Peruvian Segunda División
- Season: 1959
- Dates: 20 June 1959 – 1 November 1959
- Champions: Mariscal Sucre
- Runner up: KDT Nacional
- Relegated: San Antonio Miraflores
- Matches: 90
- Goals: 285 (3.17 per match)
- Top goalscorer: Héctor Aliaga (15)

= 1959 Peruvian Segunda División =

The 1959 Peruvian Segunda División, the second division of Peruvian football (soccer), was played by 10 teams. The tournament winner, Mariscal Sucre was promoted to the 1960 Peruvian Primera División.

==Competition format==
All teams faced each other in a double round-robin format, playing home and away matches.

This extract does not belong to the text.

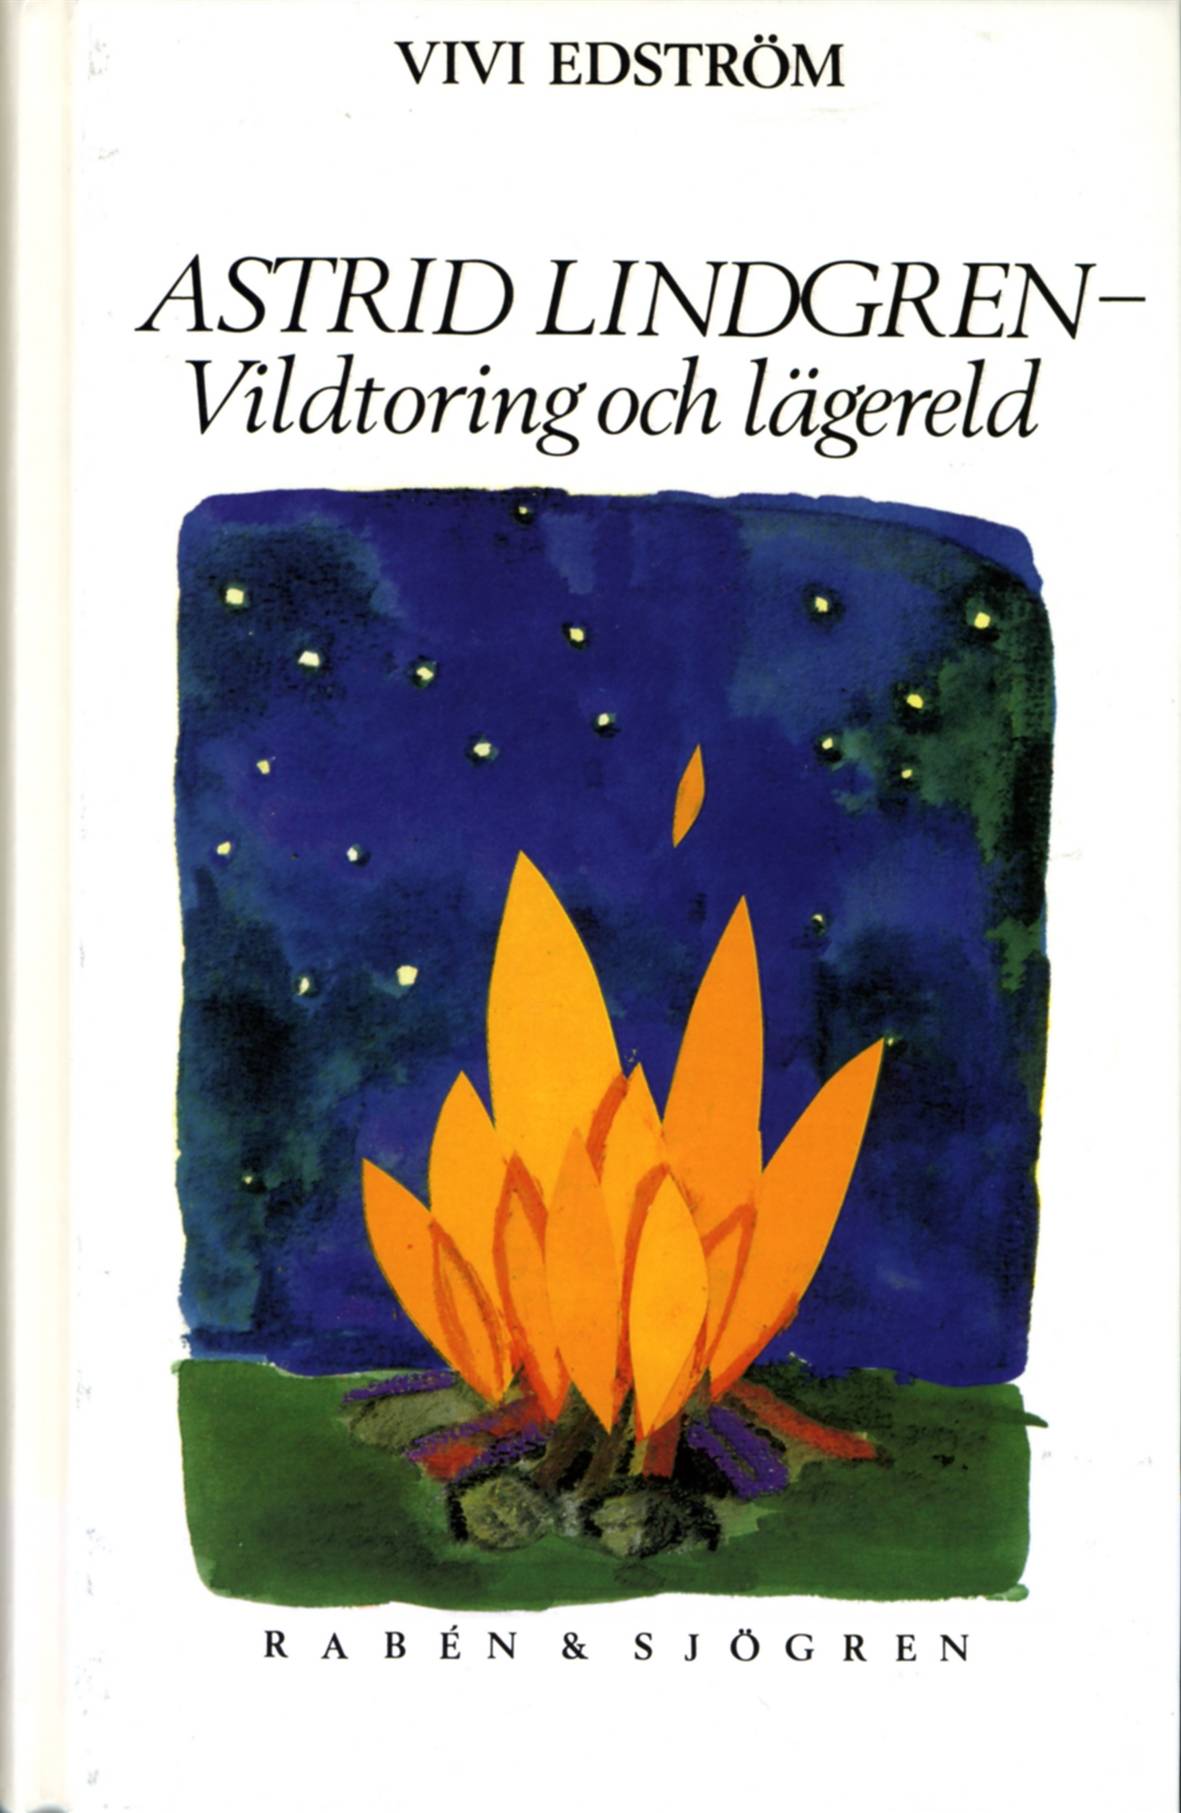 Astrid Lindgren : vildtoring och lägereld
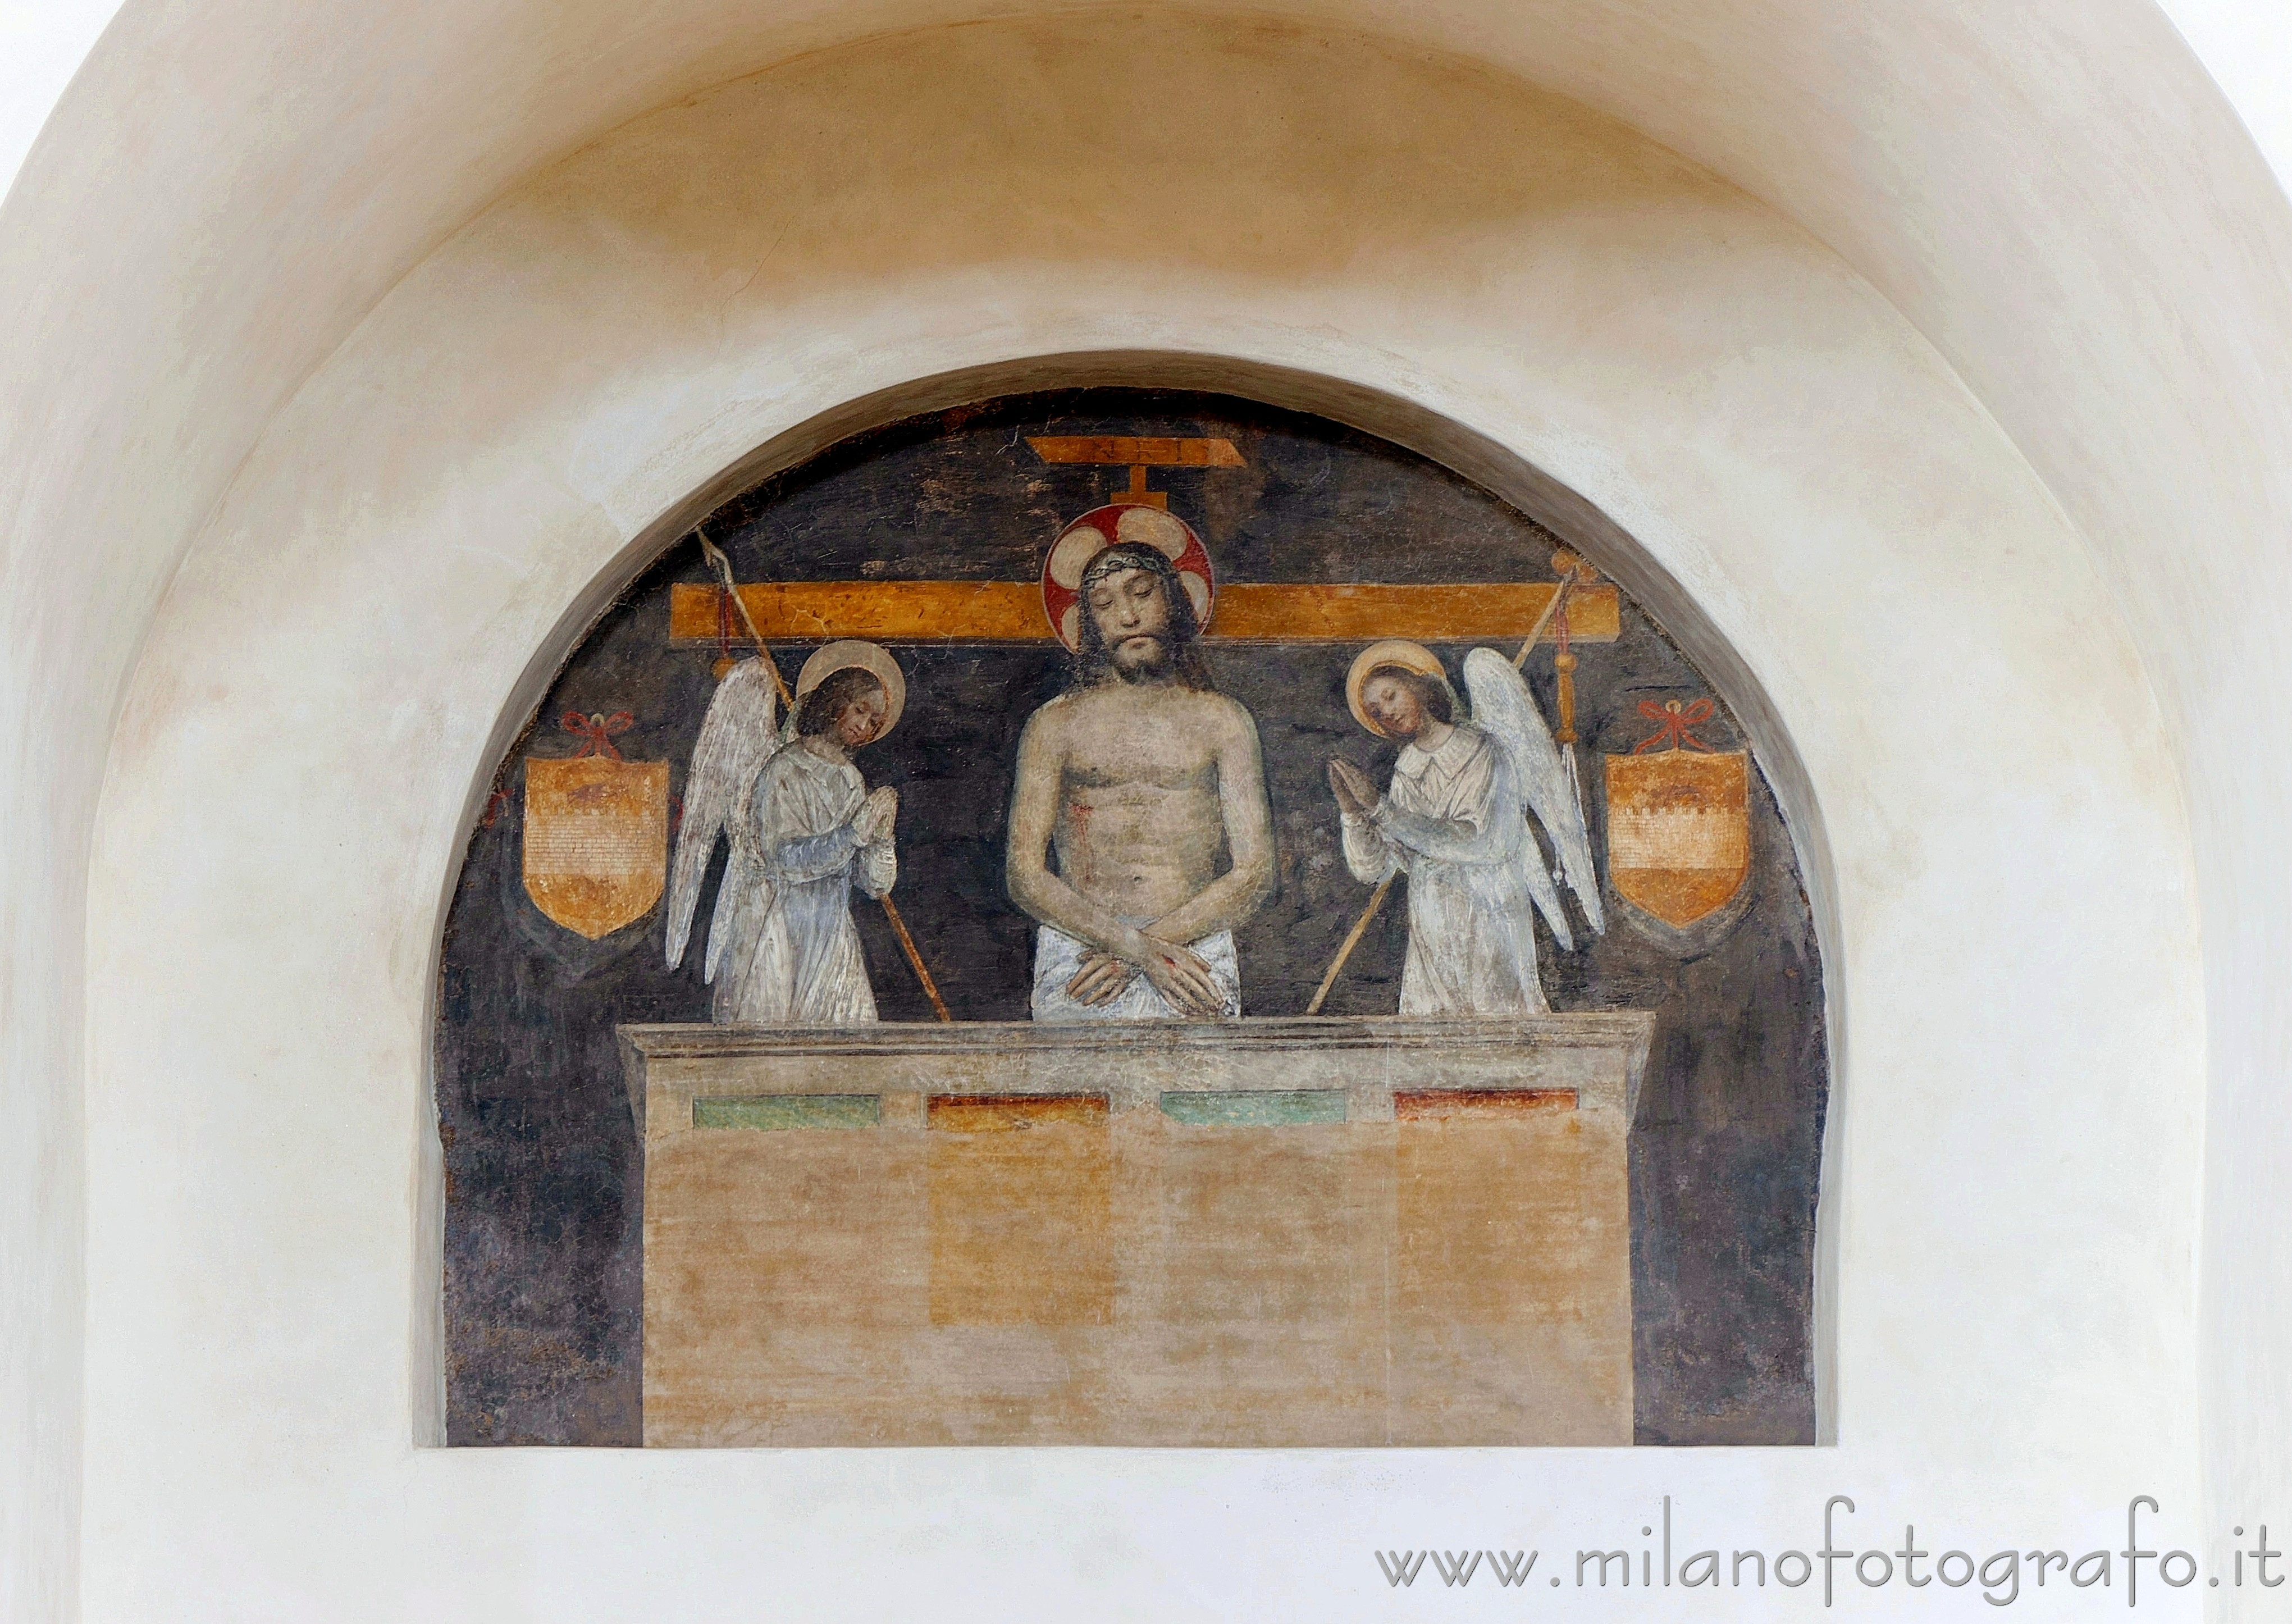 Milano: Affresco della Pietà nella Basilica di San Lorenzo Maggiore - Milano

The team that accumulated the highest number of points at the end of the season was automatically crowned champion and promoted to the Peruvian Primera División, while the team with the fewest points was relegated to the Ligas Provinciales de Lima y Callao.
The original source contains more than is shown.